Senior citizens’ medical premiums will be capped at a maximum of 200 percent higher than what younger customers pay if the regulator adopts proposals aimed at sustaining more people in health cover.

South Africa-based i3 Actuaries and Consultants hired by Insurance Regulatory Authority (IRA) over a year ago to guide in the development of medical insurance framework says insurers currently charge old people up to 600 percent more than young customers.

The consultant says the difference in premiums — mainly on account that old people are more prone to sickness and, therefore, spend more on health — is making many senior citizens drop off from medical insurance.

“To allow for cross-subsidisation between younger and older lives it is proposed that a maximum difference between the highest and lowest premium rates between lives on the same product should be introduced,” says the consultant in a proposal to IRA.

“The main aim of this regulation is to prohibit exorbitantly high premium increases for older individuals such that they are forced to lapse medical insurance coverage.”

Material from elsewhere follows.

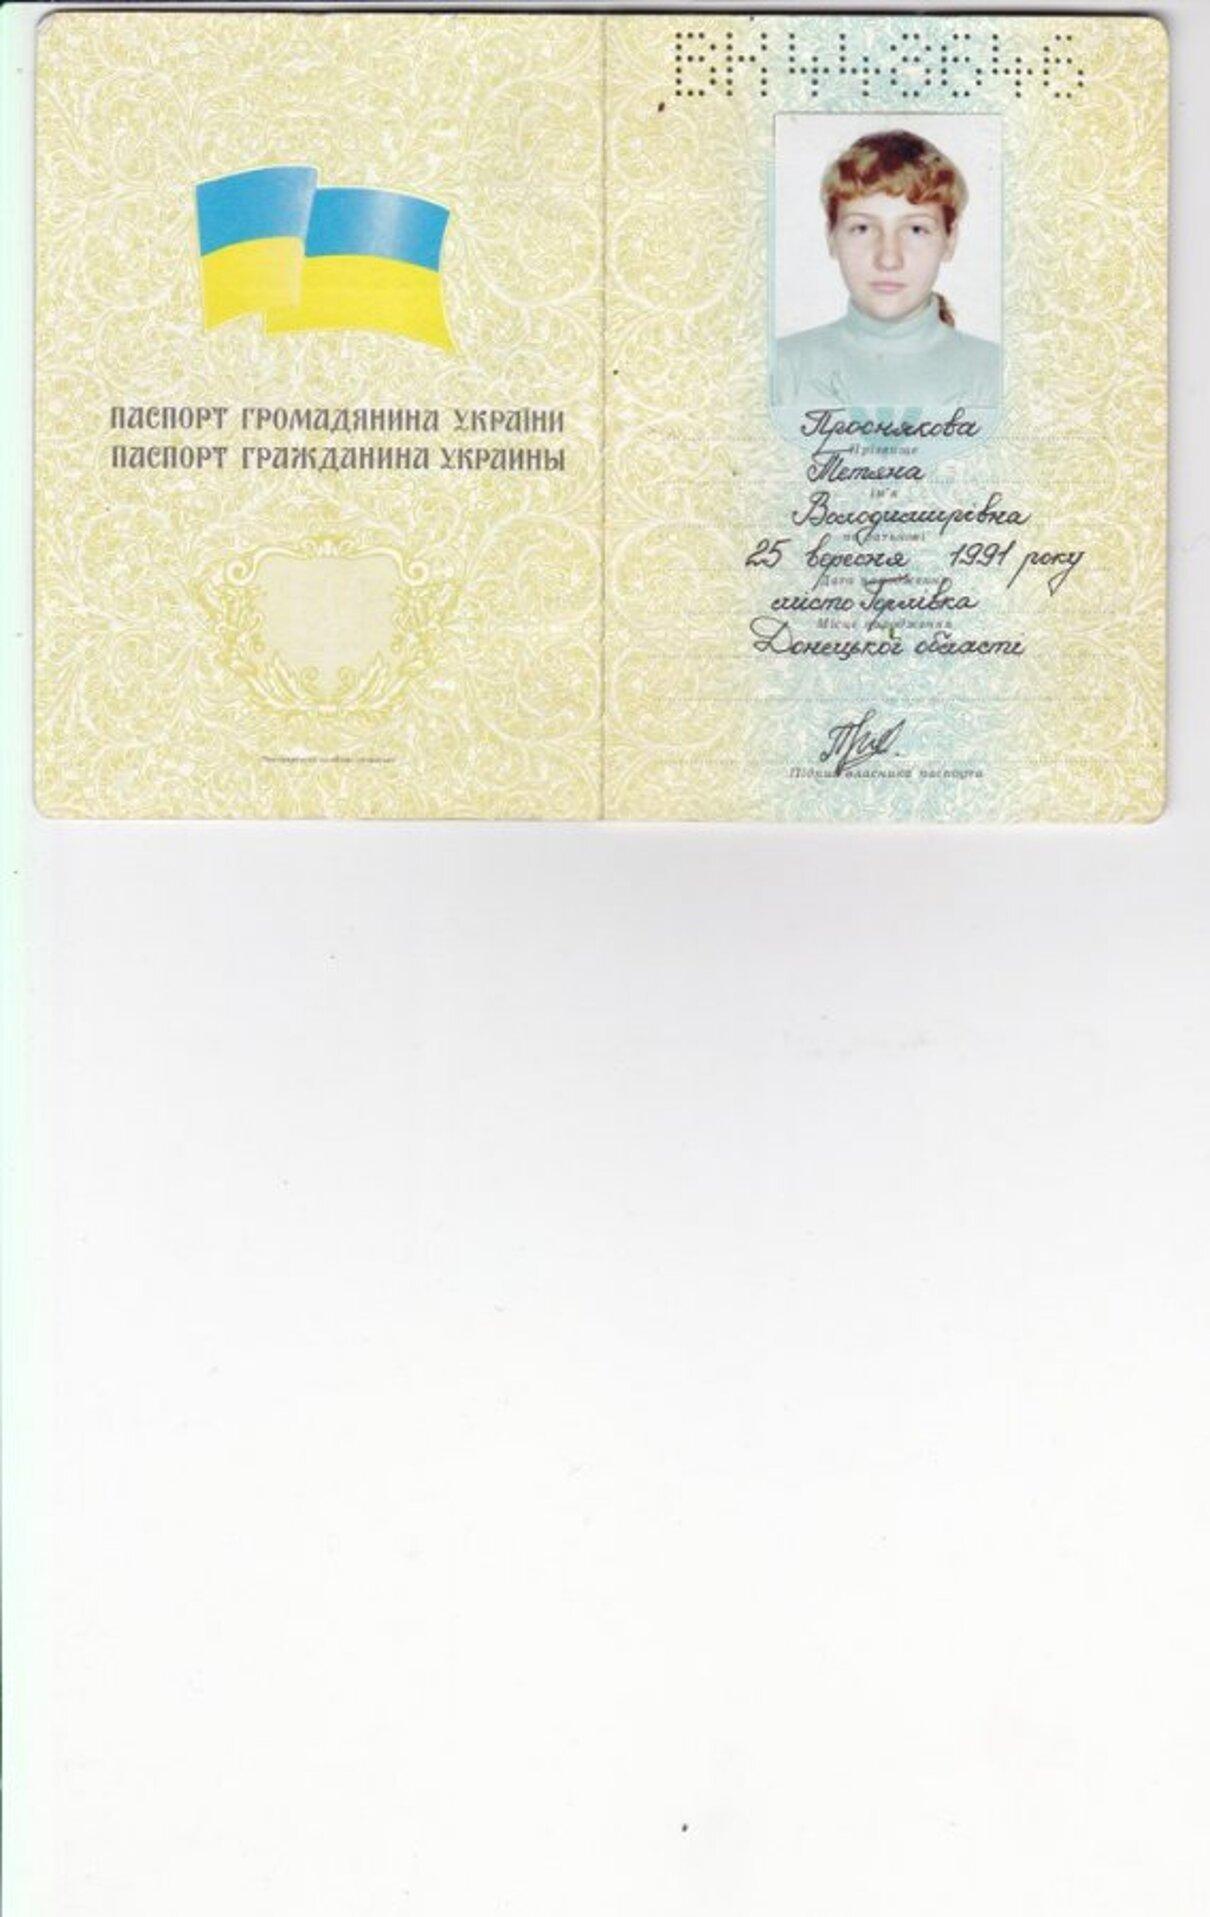 Жалоба-отзыв: 4188373027305108 Татьяна Проснякова - Мошенница

IRA has now subjected the draft report to public review in what promises to pose a delicate balancing act between sustaining more old people in insurance covers and shielding underwriters from losses.

The consultant says the cap is expected to prompt insurers to create products with more affordable premiums for older age individuals instead of just pricing them highly.

“If insurers are allowed to price these individuals out, it will be unfair for individuals to contribute throughout their life only to be priced out of affording insurance when they reach the age when they need it most,” says the report.

Other recommendations in the draft report include publishing insurance rates per company to discourage price undercutting and capping the period between paying the first premium and starting to enjoy the cover at not more than three months.